For that to, you know, sort of take root because it we’re, we’re kind of coming out and saying, you know, every law, every law firm is using AI now. Yeah. I mean, every single one of them. Right. So we’re not gonna hide behind that. We’re gonna, we’re basically coming out and saying, we’re gonna streamline your matters.
We’re gonna do a lot of different types of stuff in, in some, in some. You know, emerging areas. Mm-hmm. Or you’re still gonna do your traditional business, corporations, transactions, things like that. But we’re kind of focusing on cannabis, we’re focusing on cryptocurrency, we’re focusing on psychedelics. Mm.
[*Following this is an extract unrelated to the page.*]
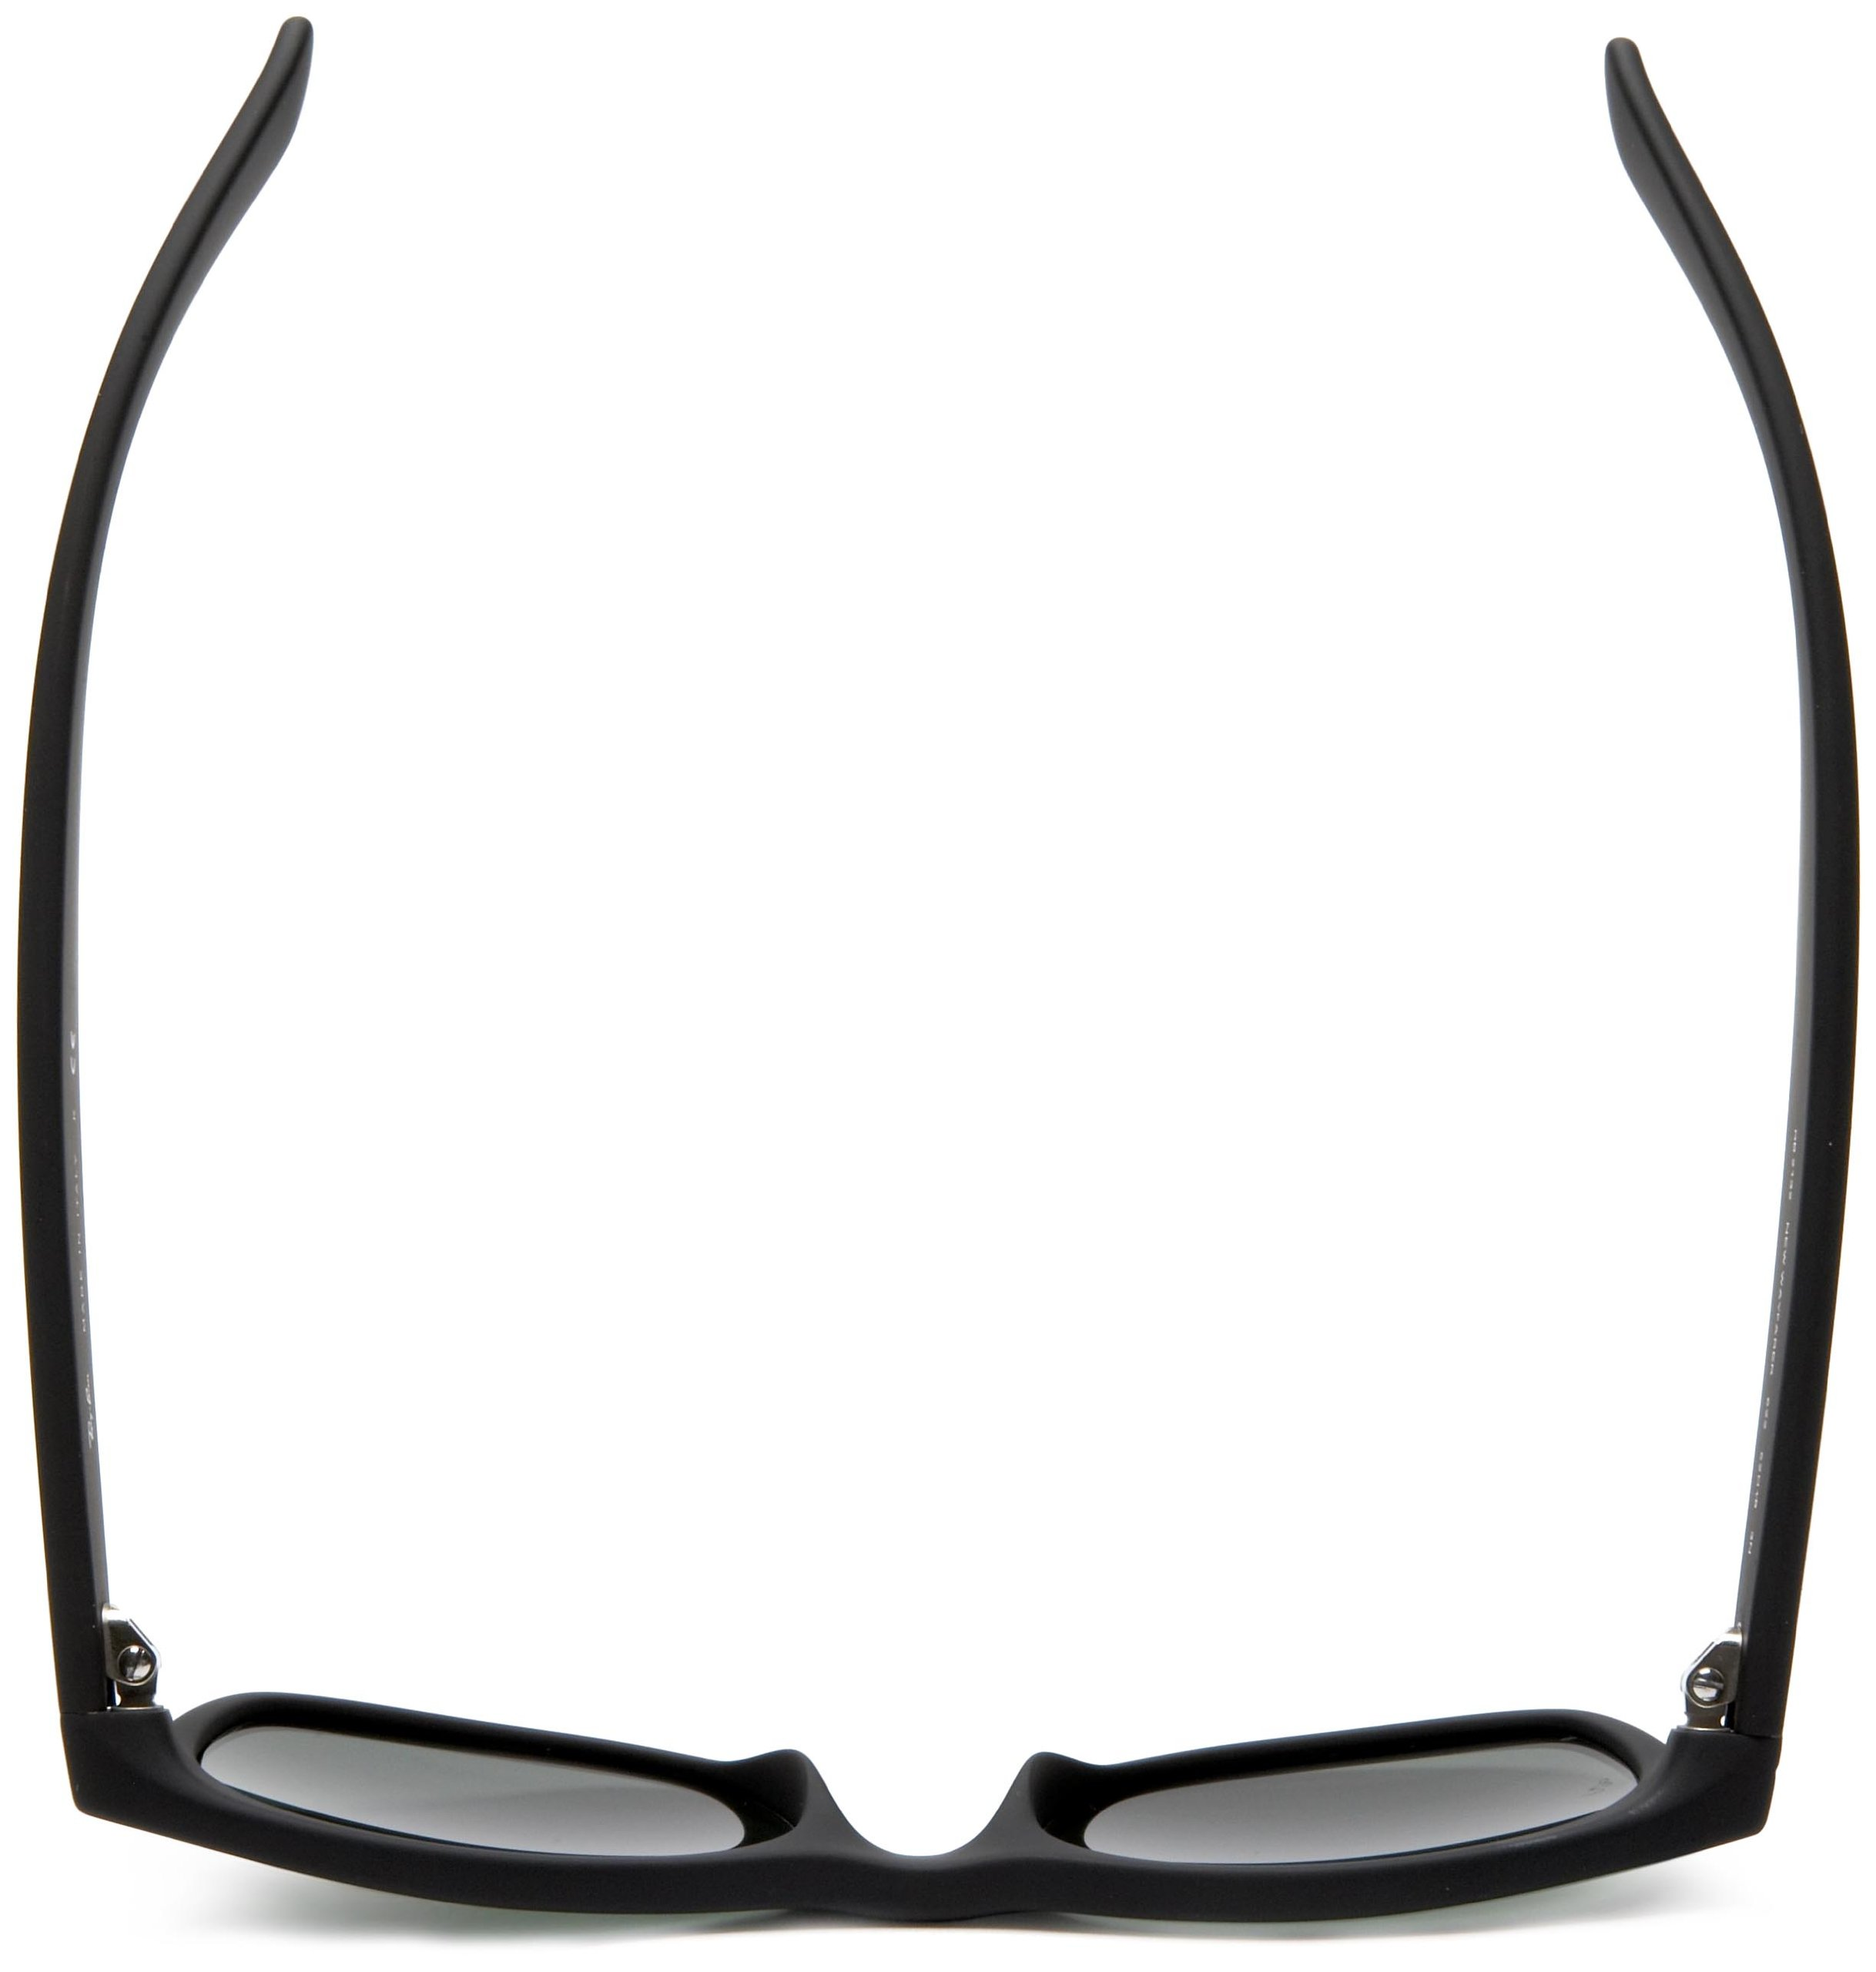 Ray-Ban, RB2132 Wayfarer Sunglasses, Unisex Ray-Ban Glasses, 100% UV Protection, Polarized Wayfarer, Reduce Eye Strain, Lightweight Plastic Frame, Prescription-Ready Lenses, 58 mm Frame by Ray-Ban (Image #5)

Trying to give what our goal is, Adam, and this is honestly what we found out. Is that, and, and I found this out yeah. When I was younger, is that one of the biggest hurdles to new business is, is expenses that you don’t factor in. Like I’m consulting with a young, young entrepreneurs that graduated NYU. My son’s from my son went to undergrad at NYU.
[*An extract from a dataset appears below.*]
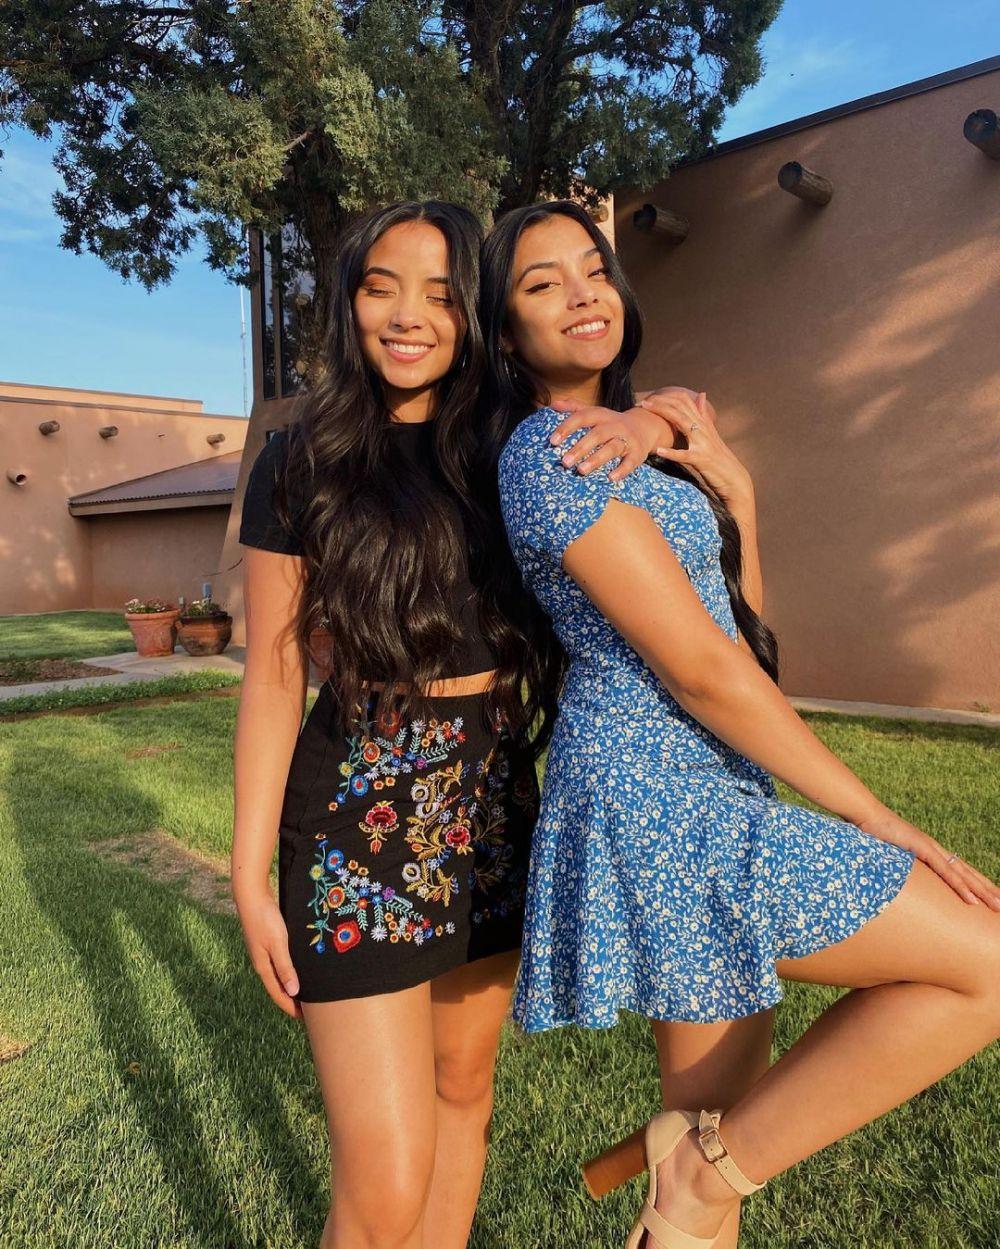 9 Fakta Mya dan Myka, YouTuber Kembar Hits Berdarah Thailand

These guys have an app that’s fantastic. It’s, they’re getting offered by VCs already and I’ve been consulting with them from both a business perspective and legal. And these guys are starting to sign some serious contracts. Wow. And they’re like, okay, we don’t factor that into our, you know, how much is all this gonna cost?
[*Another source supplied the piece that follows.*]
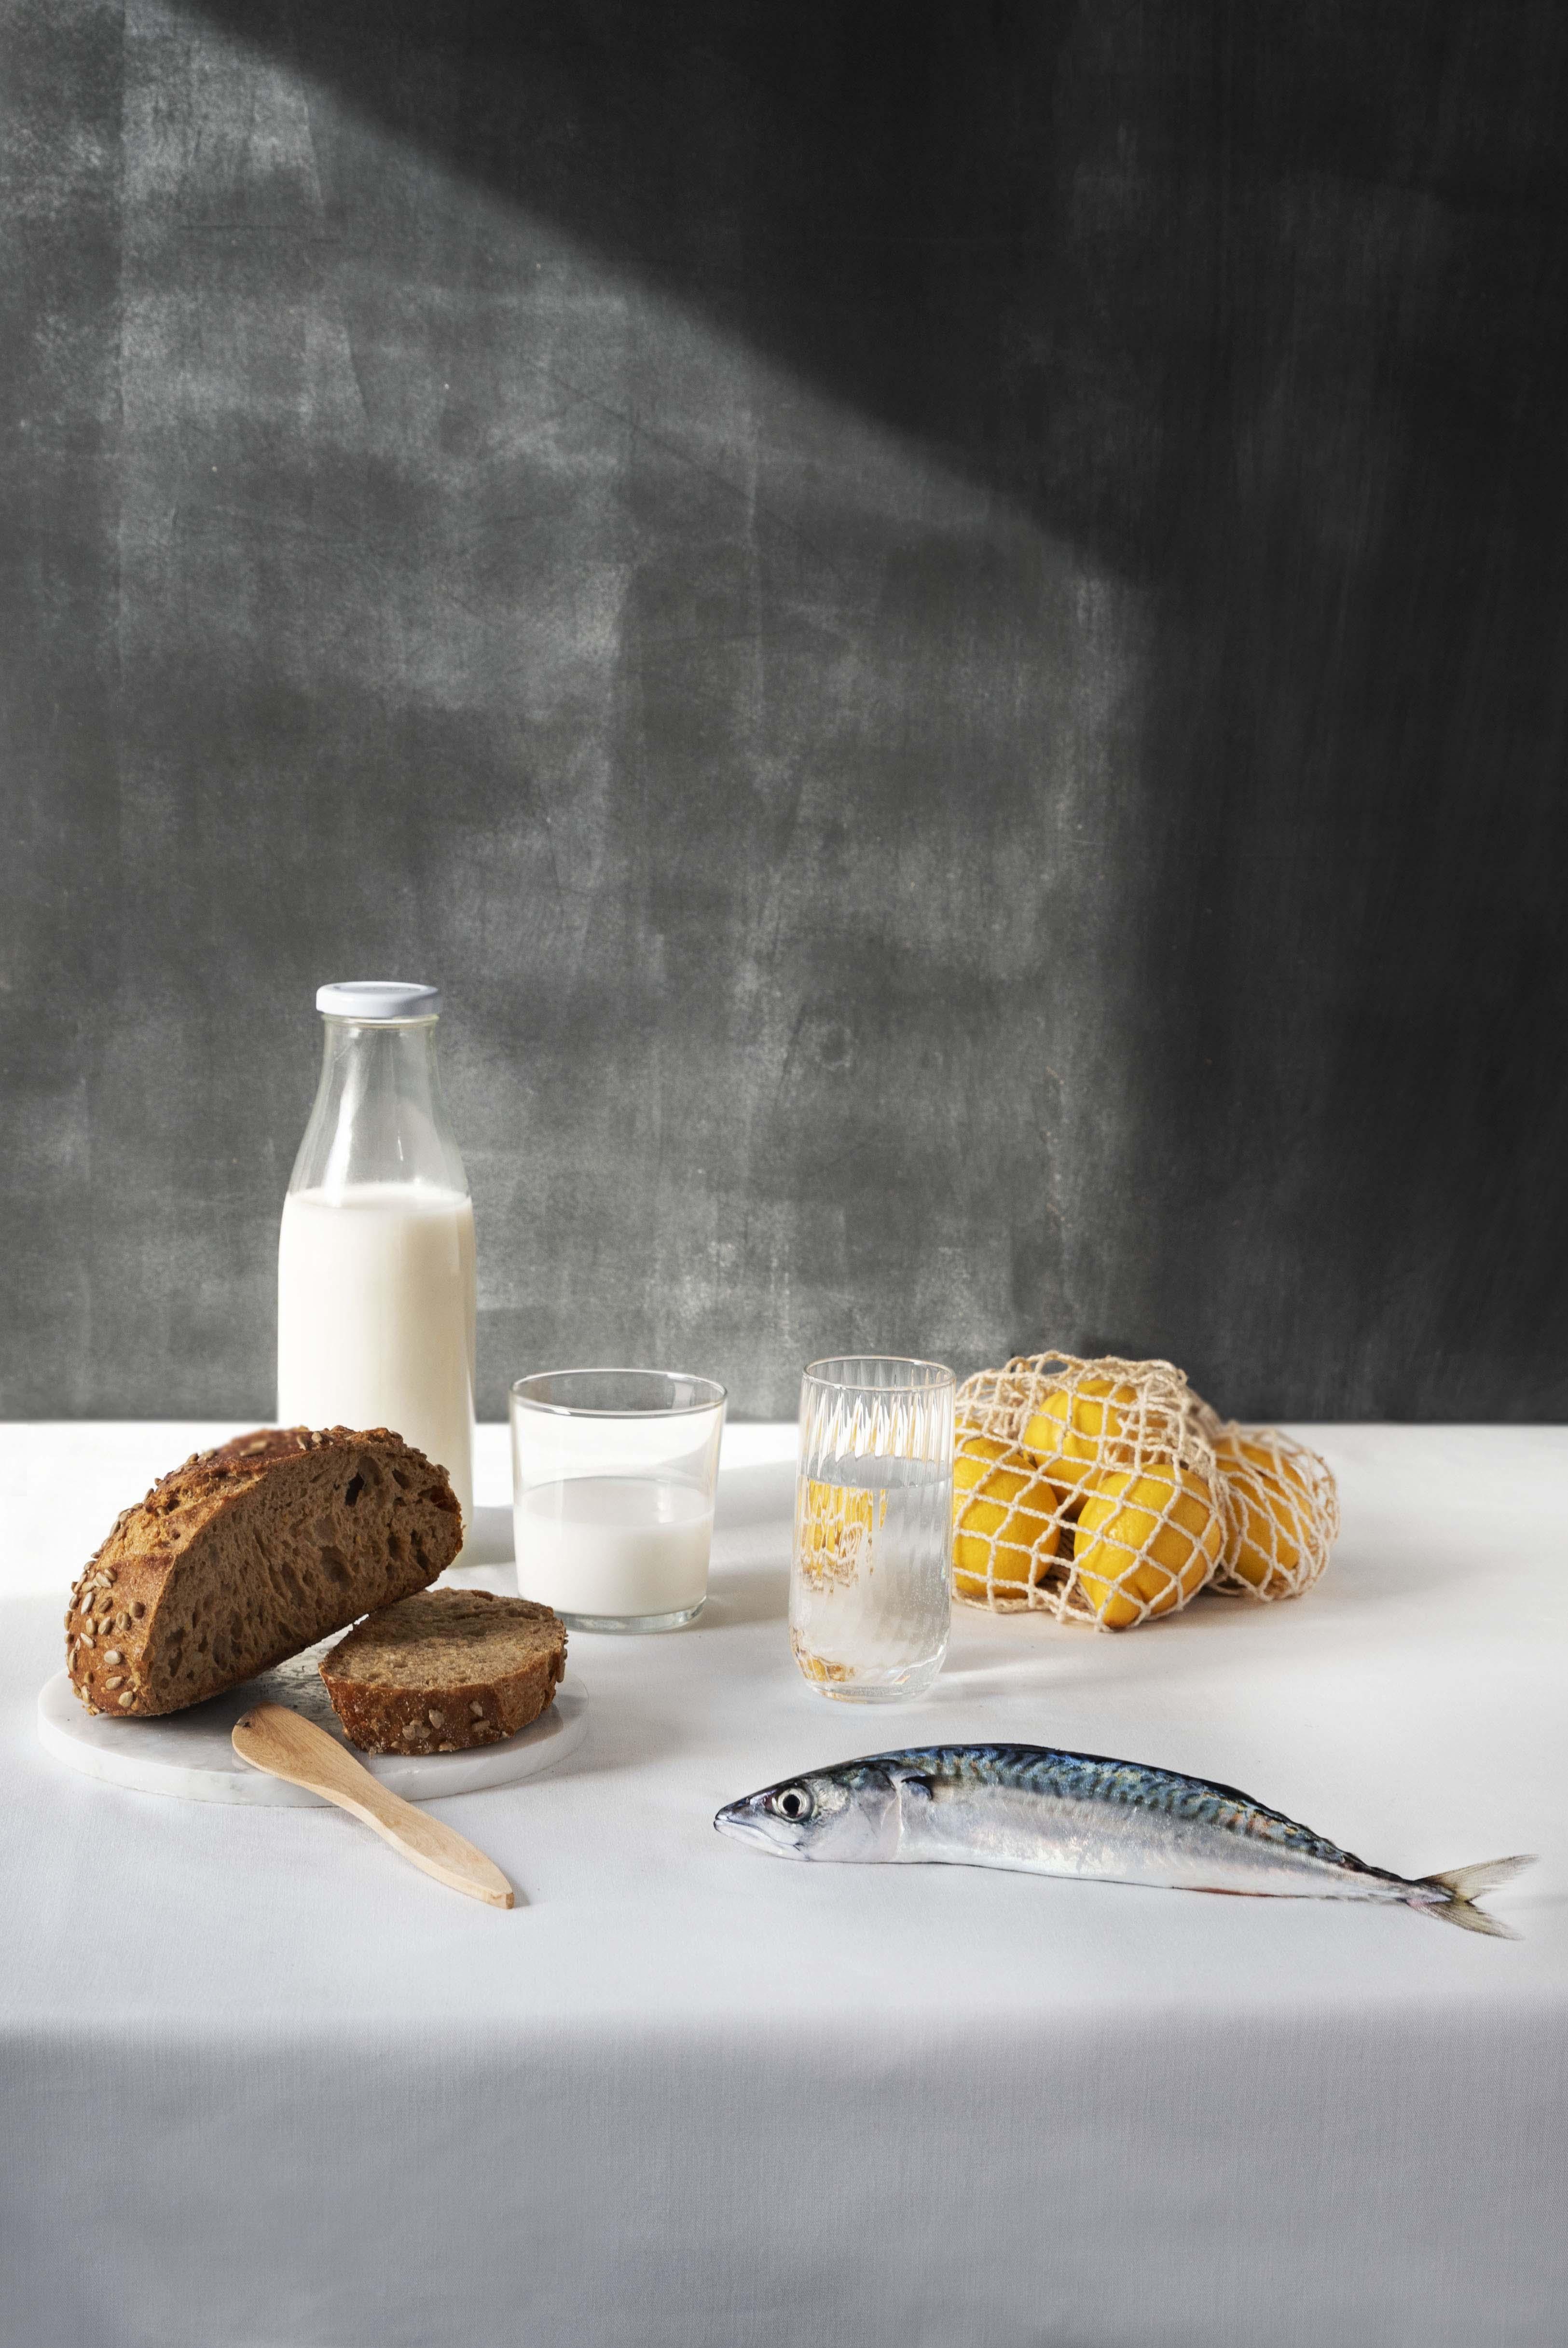 foodfotografie-fotografie-denhaag-sophie

So what we started realizing is there’s a lot of new businesses that can’t afford lawyers that can’t afford the traditional, okay. I need you to write an operating agreement for me. And that costs $10,000. Yeah. Well, with us, with us, we’re saying, Hey listen, we’re not gonna lie to you. We’re gonna get this.
We, we have, we have a format, we have a, we have an AI format. We’re gonna get it done for you for half the price or significantly less than what you had been paying. And you’re gonna get a great quality document and hopefully down the road when your company takes off, you know, then we’ll be your go-to guys.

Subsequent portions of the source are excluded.